Доблесть, меня обманула, ведь, — чадо родителей смертных, —

Он голодал, холодал и сосал материнское млеко,

120 Плакал в младенчестве, рос, а теперь сверх того испытал он

Самую смерть, и в кончине великая жизнь завершилась.

Но уже поздно теперь, теперь мы постигли искусства

Тайные, горе, теперь, побежденные, хитрость и муки

Поняли поздно, и зрим у креста оружие в блеске.

Ранит оно и у нас на душе оттого тяжелее:

В трезвом уме сами мы для врага эти копья сковали

Нам же на гибель: увы, побеждают нас нашим оружьем».

Близко меж тем подойдя, победитель во свете великом

Тут приближается прямо среди говорящего речи.

130 Здесь он стоит потрясенный и после, помедлив немного,

В створы ударил дверей, сокрушил засовы из меди

И повелением божьим тяжелую свергнул громаду.

В глубь он нисходит затем беспощадного Дита,[122] в деснице

Прямо простертой неся лучезарно горящие скиптры;

Молнией он озаряет пристанища бледные эти.

Души усопших тогда изумились в жилищах отверстых

Вдруг наступившему дню, и дивятся сиянию Феба,

Свету, сошедшему в пропасть на розовоцветной квадриге.

Видя такое, что ты в это время, Плутон, ощущаешь?

140 Что ты за скрежет издашь, когда Тартар в обилии света,

Если чудесное ты пред своими видишь глазами,

Зришь в смятении Орк от такого сверкания молний?

Бездна там есть, и она под последними сводами ада;

Там непомерный хаос, что без света мерцает огнями

Мрачными, Этне подобно, где вечные терпят мученья

Души виновных в огне, за свои платя преступленья:

Дважды настолько она устремляется в пропасть наклонно,

Сколько оттуда до неба высоко несущего звезды.

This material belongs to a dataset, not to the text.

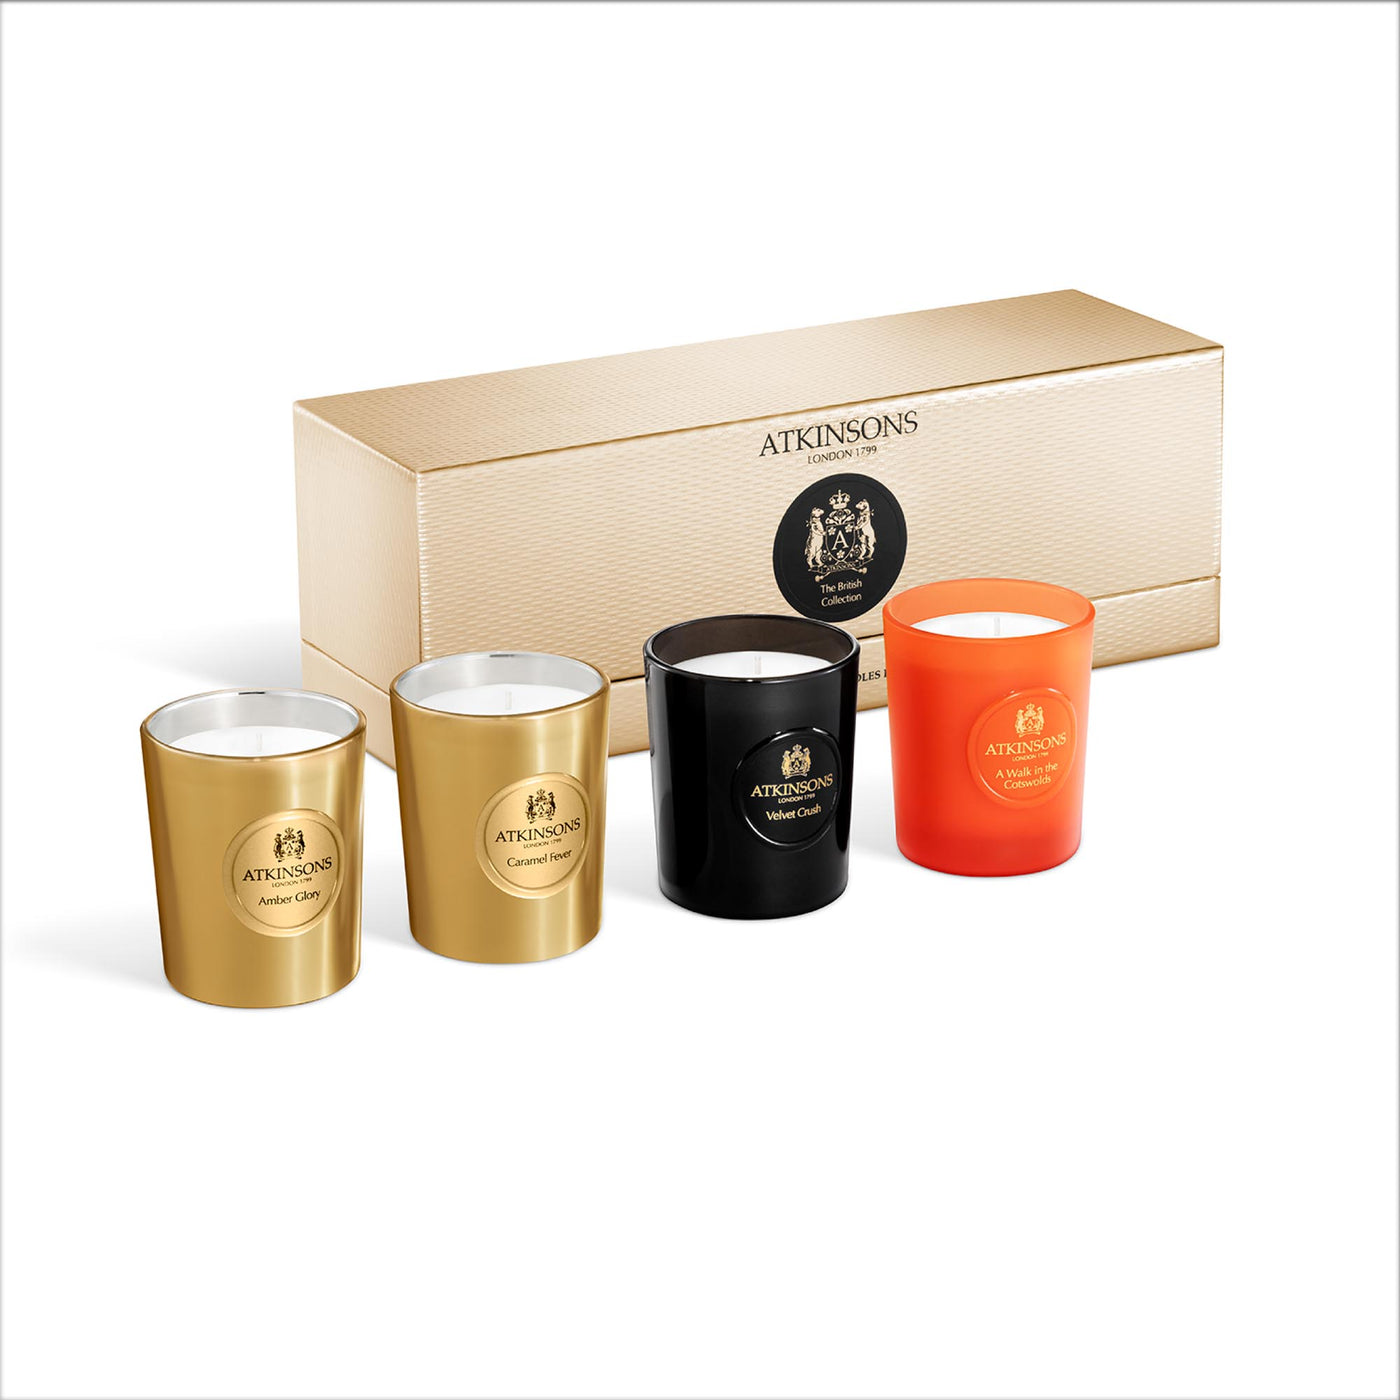 Atkinsons The British Collection Candle Set 4x75g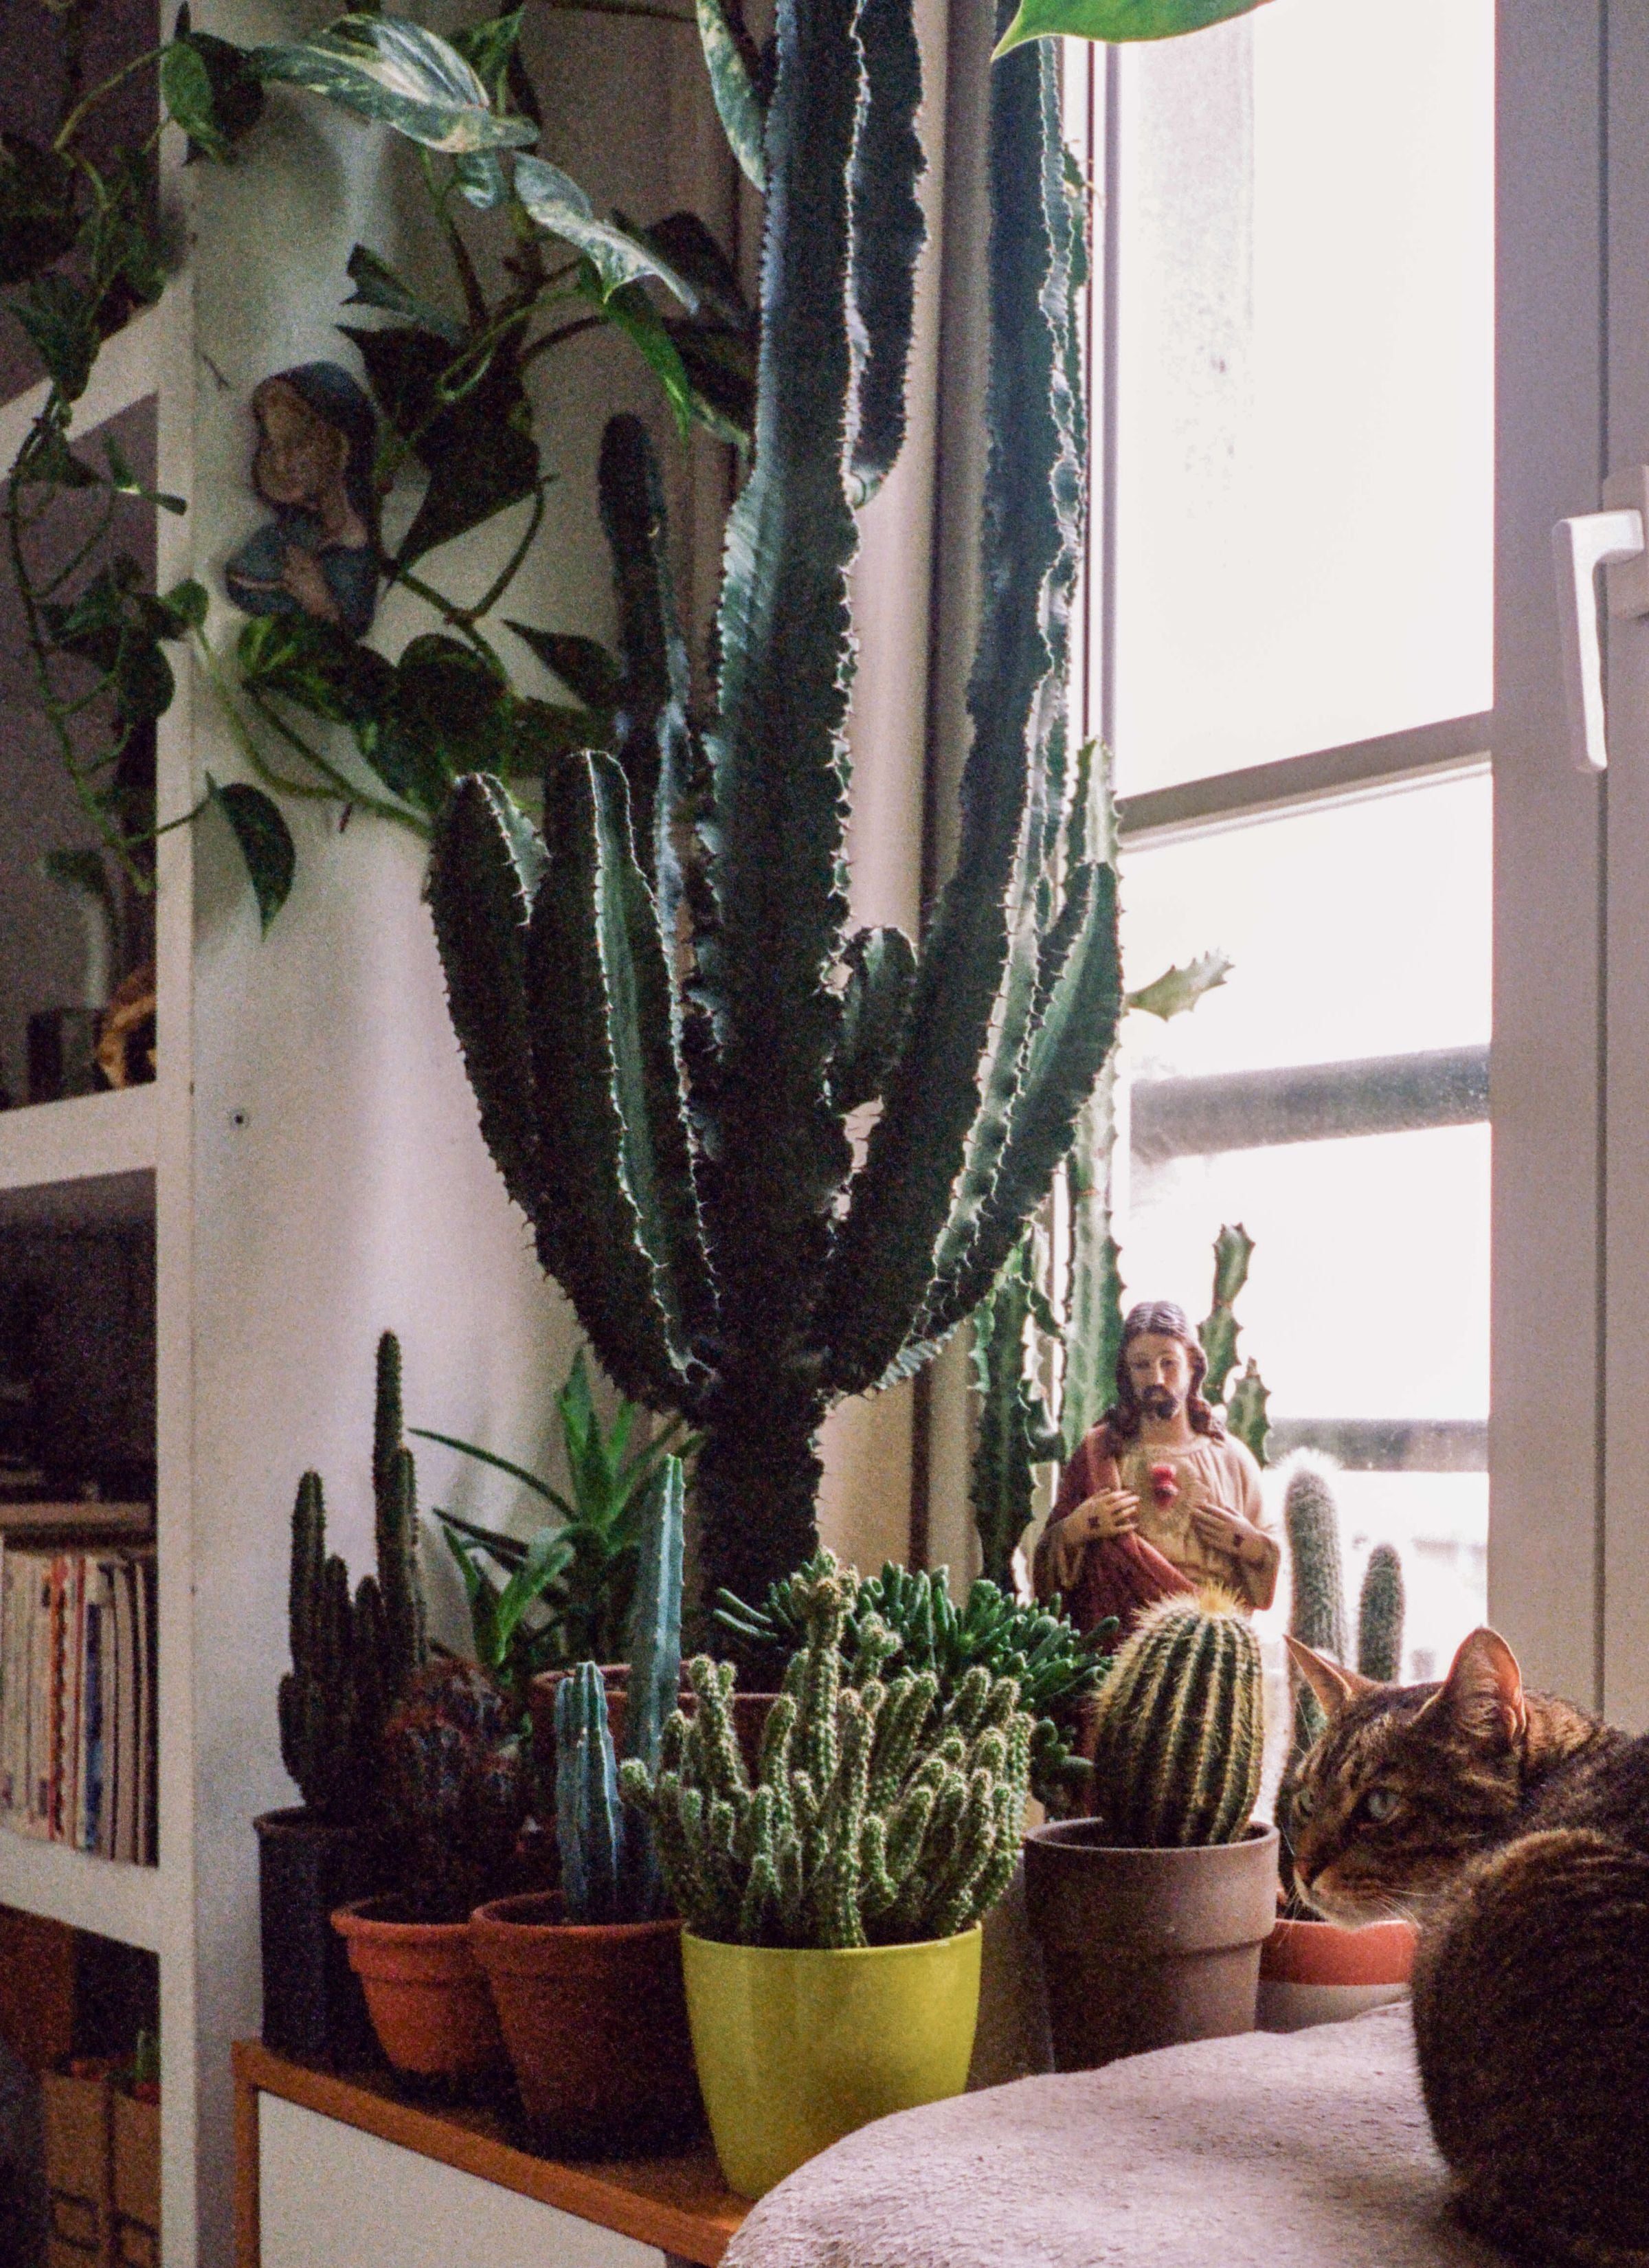 A large potted cactus commands attention atop a cupboard filled with a diverse collection of smaller cacti, situated next to a window. Among the assortment of potted plants stands a colorful statue of Jesus, adding a spiritual element to the display. A contented cat rests nearby, adding a touch of coziness to the scene. This composition juxtaposes the prickly beauty of the cacti with the serenity of the religious statue and the comfort of the cat, creating a harmonious and visually interesting vignette.

Прежде низверглась сюда, сомкнувшись когортою тесной,

150 В страхе толпа Люцифера, не вынеся вовсе такого

Среди дрожащих огней трепетания дивного молний:

Мало того, погрузились они еще в серные печи.

Он же, шествуя кротко по этим пустынным пределам,

Входит, высокий, в места и Аверна безмерного, в коих

Все в запустенье, проходит средь теней, недвижно застывших.

Он, победитель, легко Флегетонт с водою горящей,

Страшный, раздувшийся там и струящийся серным потоком,

Пересекает и, быстрый, у края становится бездны.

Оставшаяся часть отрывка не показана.